Philippines targets dollars, euros and the Singapore bond market

Philippines National Treasurer Sergio Edeza discusses the Republic''s fundraising plans for 2003.

Towards the end of last week, the Republic of the Philippines completed its fourth major borrowing of the year - a $300 million five-year fixed rate deal via ING Bank. The deal was far more successful than most market participants had been expecting given current volatility and the Republic's widened spread levels. Indeed, because of a sharp decline in Treasury yields this year, it meant that the Republic was able to score a record low coupon - 7.5%. Here National Treasurer Sergio Edeza discusses the Republic's strategy for the remainder of the year and borrowing plans to deal with the expanding budget deficit.

Congratulations on the completion of your deal. So far this year, you've done two major dollar bonds, a re-opening of the 2009 bond and now this opportunistic Eurobond. Where do you now stand with regards to your 2002 fundraising requirements?

Edeza: This deal signifies the start of our pre-financing for 2003. So far this year, if you discount bi-lateral financing, we've raised around $2 billion. Offshore issuance has represented about 30% of our overall fundraising requirements. Next year, the situation will be reversed though. We expect offshore issuance to account for about 60% of the total and onshore about 40%. For 2003, we need to raise quite a lot of money. Again excluding bi-laterals, I expect offshore issuance to come to about $2.3 billion to $2.4 billion.

But I believe that you will also need to raise money for Napocor won't you and this will bring the total even higher?

As you'll be aware, Napocor is currently in the process of doing a bond deal with an ADB guarantee. The company was also going to do a second $600 million stand-alone issue but this has now been cancelled and it's been announced that the government will finance the group when it needs funds instead. Napocor officials have told me they'll need $1.1 billion in US dollar funding next year. That's the basic information we have at the moment, but it might change.

The ADB-guaranteed issue is contingent on the privatization bill being passed through parliament and signed off. How confident are you that this will be completed on schedule by the end of the month?

I am not directly privy to full information on this one, but from what I've been told it will be passed by parliament even though it has come during the recess period. So far, we've on-lent Napocor $750 million this year. But it's has been a bit confusing as there's been wrong information in the market claiming that Deutsche Bank recently did a $500 million deal. This was not a new financing at all, simply an on-lending of proceeds raised earlier this year from a bond deal for which they were one of the lead managers.

So what's your strategy towards the international markets for the rest of the year?

Our strategy will be much as it's been for 2002. We'll look at market opportunities as they arise. But we would like to pre-finance about half the total before the end of the year, so you might be seeing quite a number of issues from us in the near future.

What currencies do you think look interesting? Most of your issuance tends to be in dollars.

Dollar financing is obviously the key for us, but we would like to issue in other currencies too.

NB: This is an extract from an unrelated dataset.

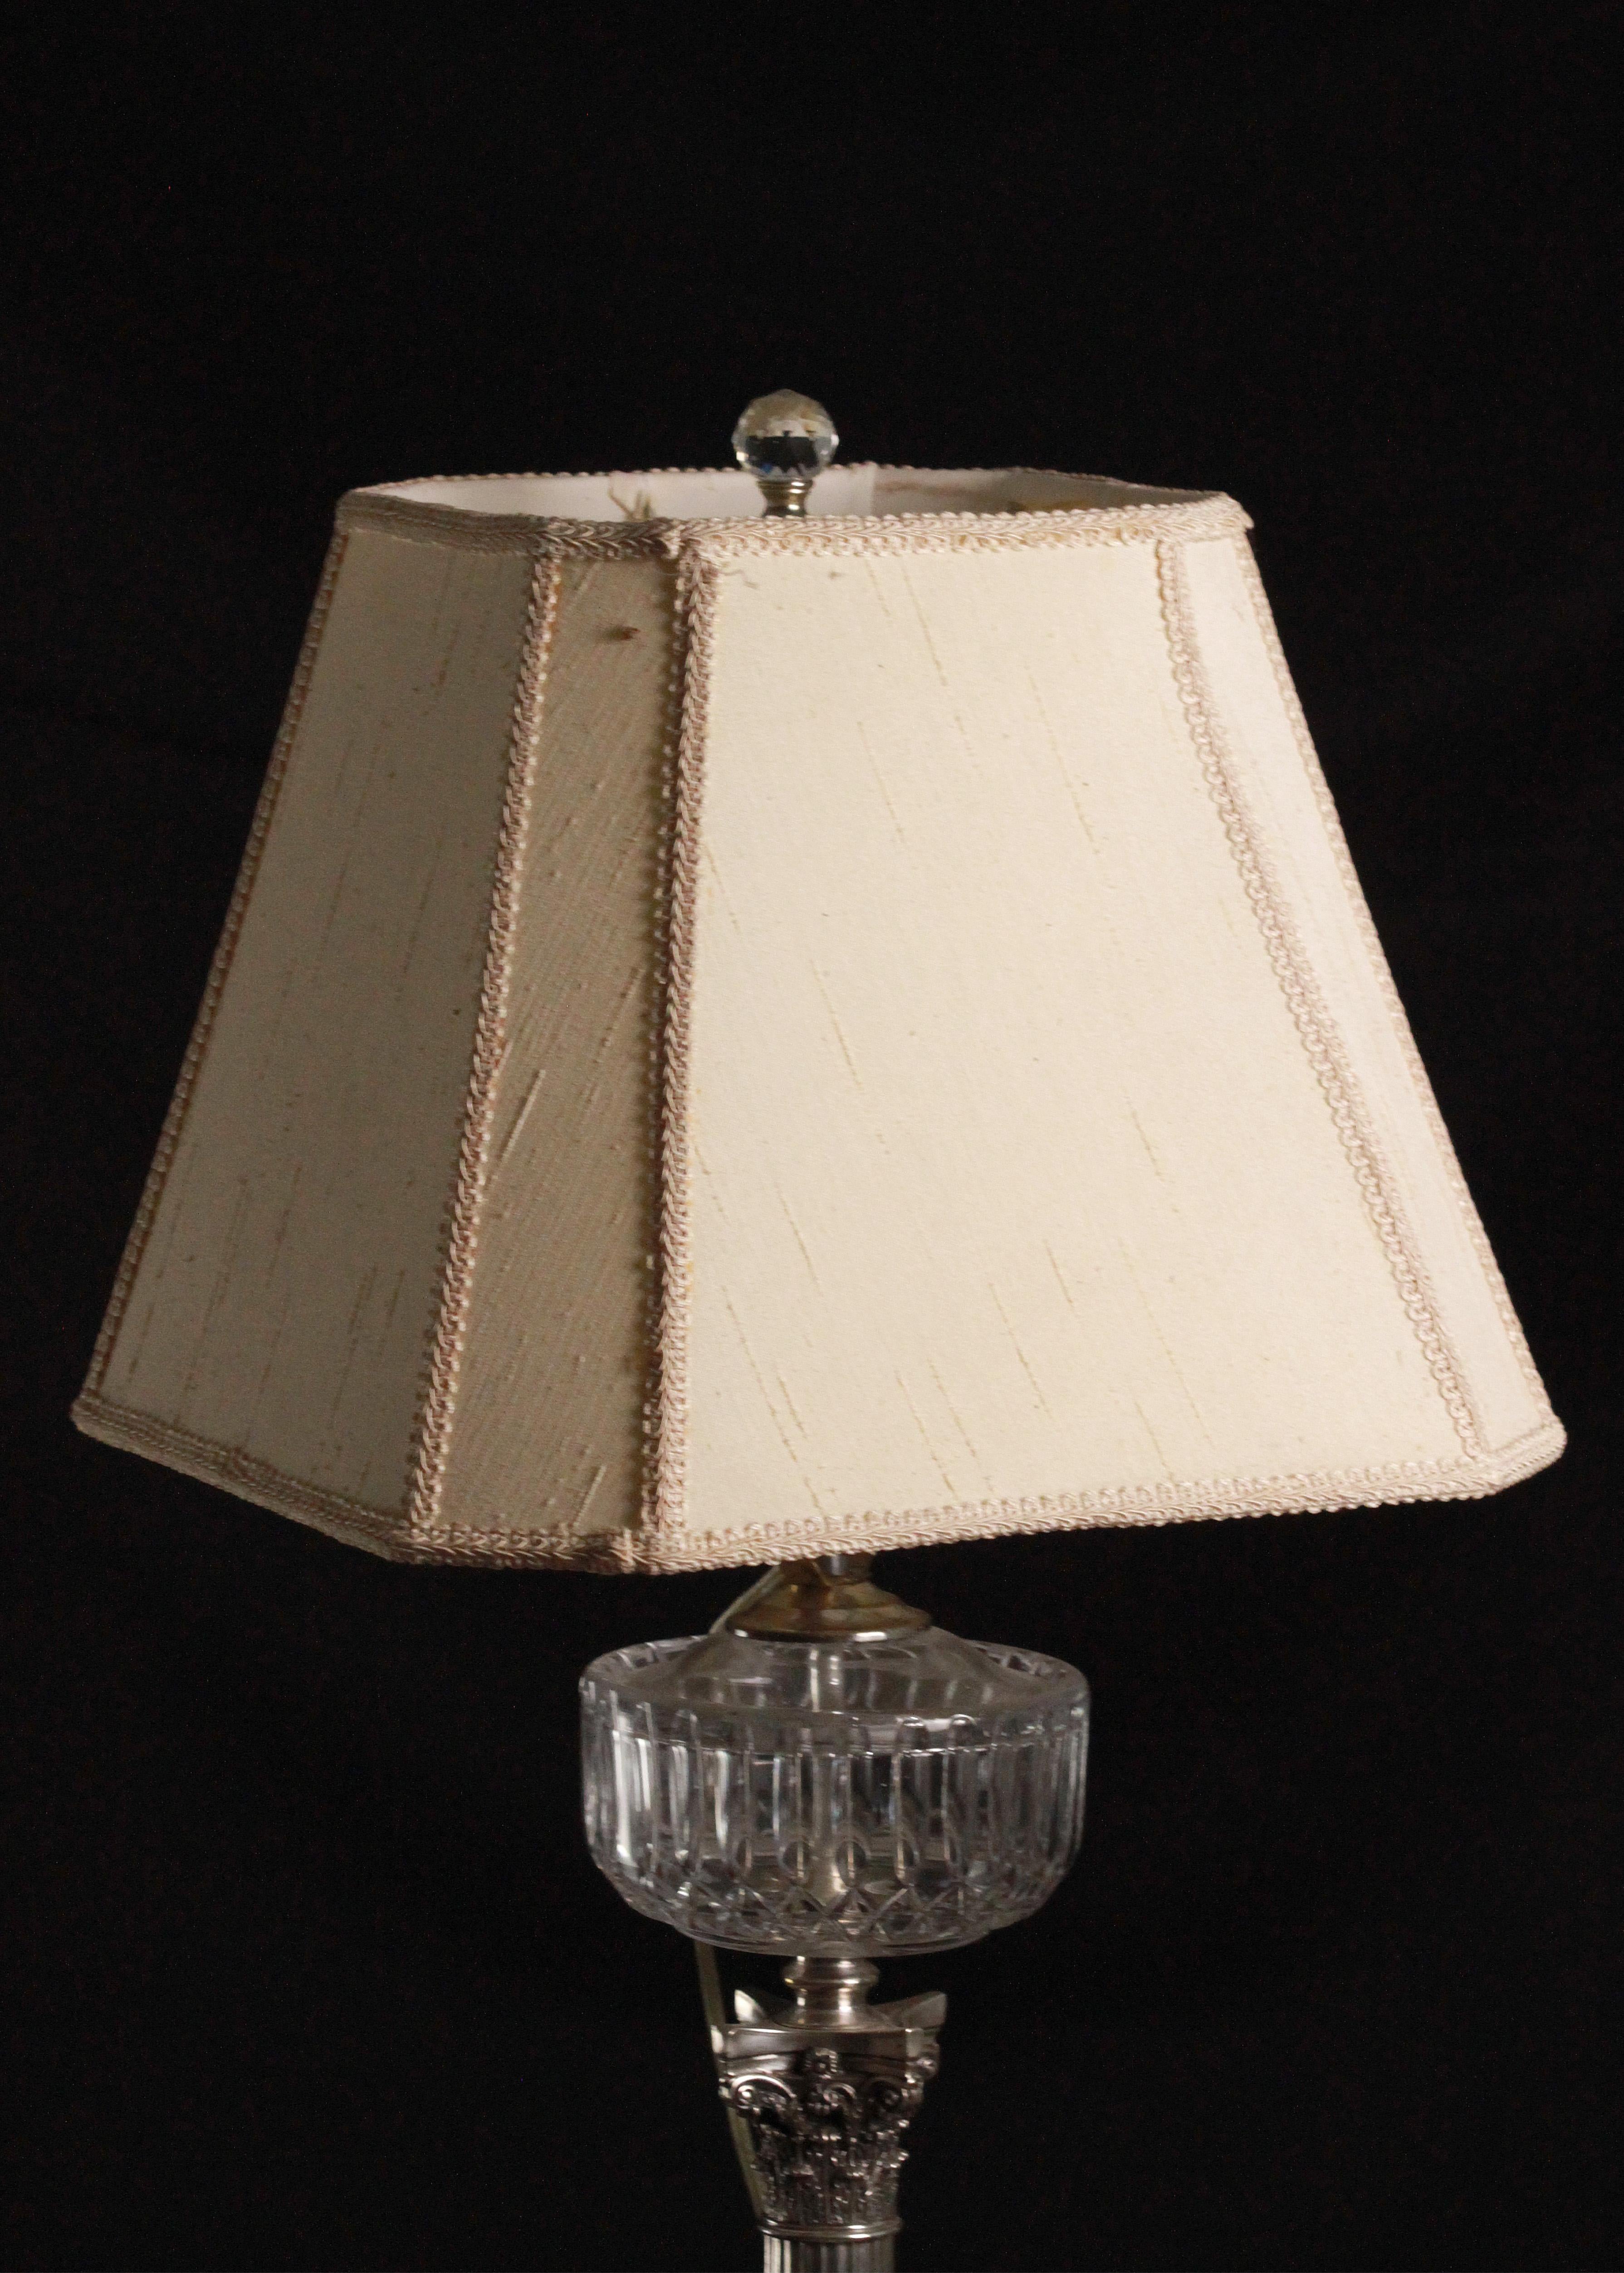 Scottish Early 20th Century Sterling Silver Table Lamp by Hamilton & Inches, Ltd. For Sale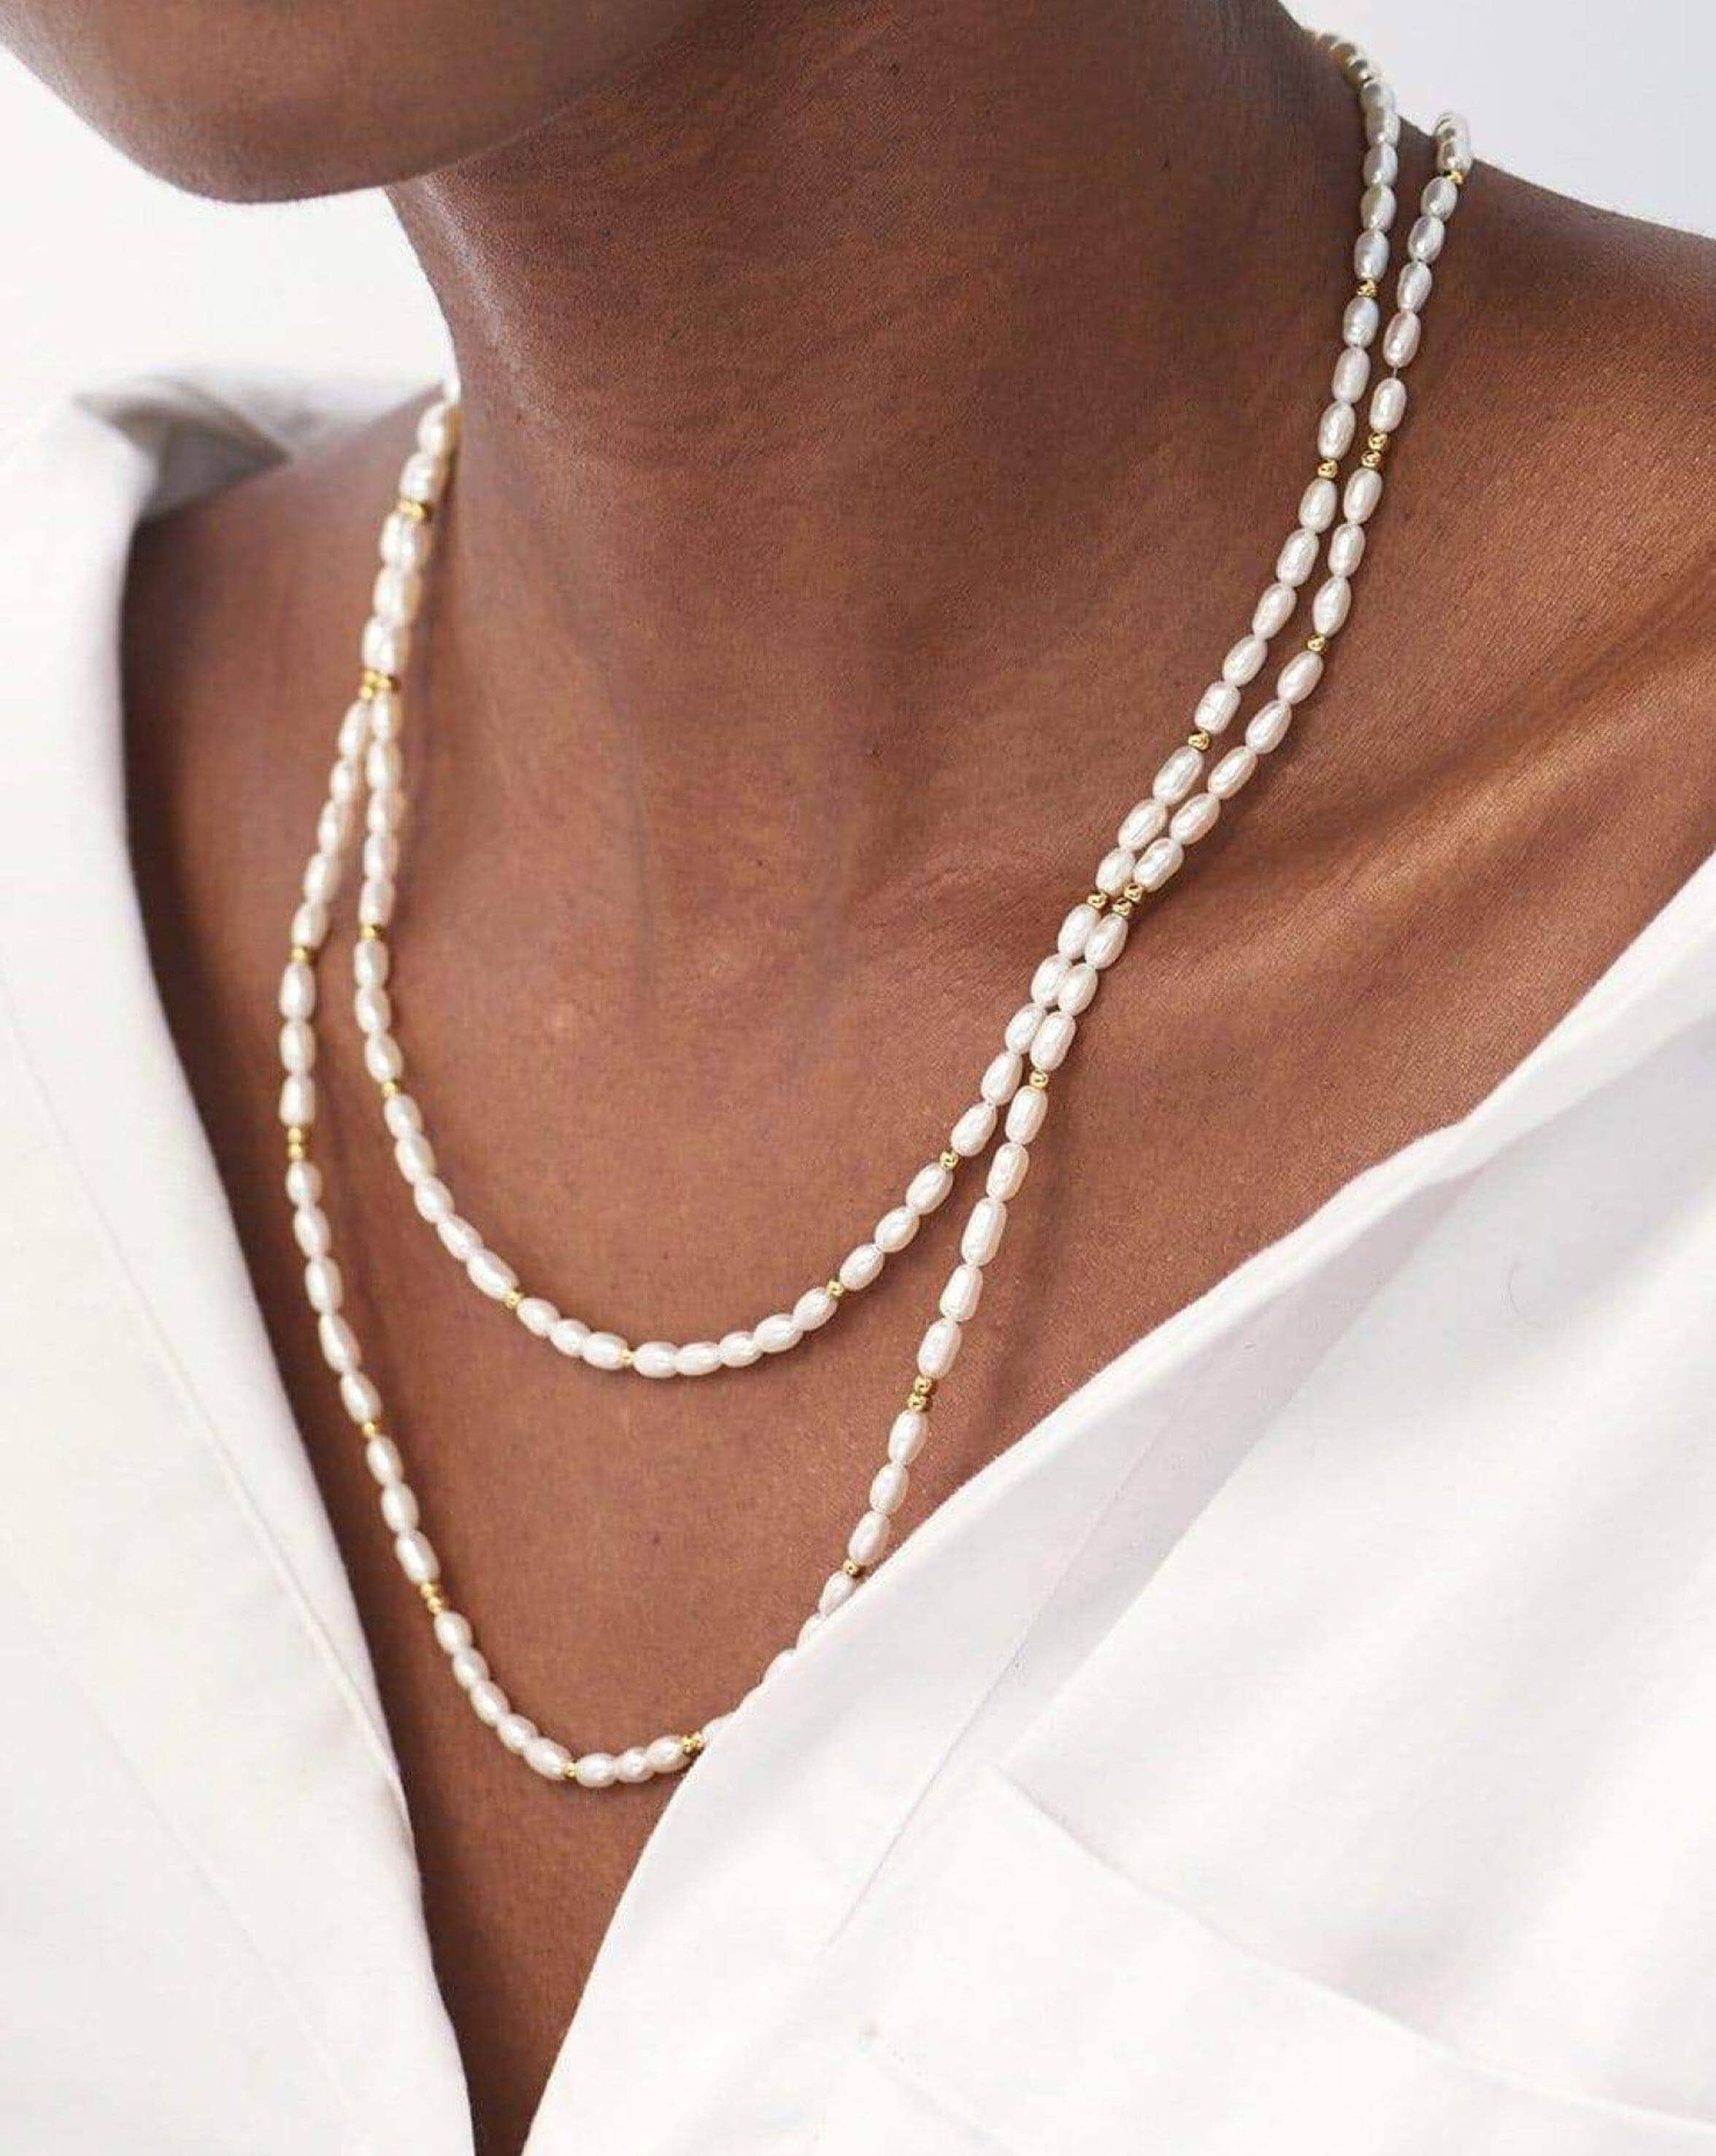 Six strand natural white freshwater and seed pearl necklace

The Yen market has never been that huge for us, but we hope to access it more in the future. My own position is that we should do about 50% in dollars and the balance in Euros or Singapore dollars.

You first thought about accessing the Singapore dollar market last year didn't you, but it never really seemed to come to much?

Yes we did examine it last year and it's a market we would like to tap. Rates in Singapore are very low and we would like to take advantage of any opportunities while we can. Should we decide to go ahead, it's a deal you'll see us bring out very quickly.

And what about in terms of maturity? Typically you tend to access the longer end of the curve, but the ING deal was five years, taking advantage of domestic demand at the shorter end.

We did the recent deal because we saw that we didn't have any existing maturities in 2007 and it filled out that part of the curve. But I think we're comfortable having raised $300 million and generally still feel that the 10-year sector offers us the most flexibility overall.

How happy are you with your spread levels at the moment?

I'd say that we're relatively happy with our spread levels because we think the market accepts the current situation the Philippines faces in relation to the budget deficit. Nevertheless, we were extremely happy and very grateful for the market's support of our latest deal.

We keep hearing about the budget deficit and the government overshooting its Ps130 billion annual target because of declining tax collections, which have now fallen to 12.7% of GDP. How serious is the situation becoming?

Well in terms of the budget deficit, we shouldn't have any financing problems because we've set up cash reserves to finance up to Ps170 billion to Ps180 billion if necessary. With the revenue figures, the Bureau of Internal Revenue should meet its targets following the change of commissioner. Our overall aim is to get the figure back to the levels of 1992 when I believe the ratio was about 16% of GDP. I think the measures submitted to the authorities are reasonable and will address the problem. All it needs is concerted legislative action.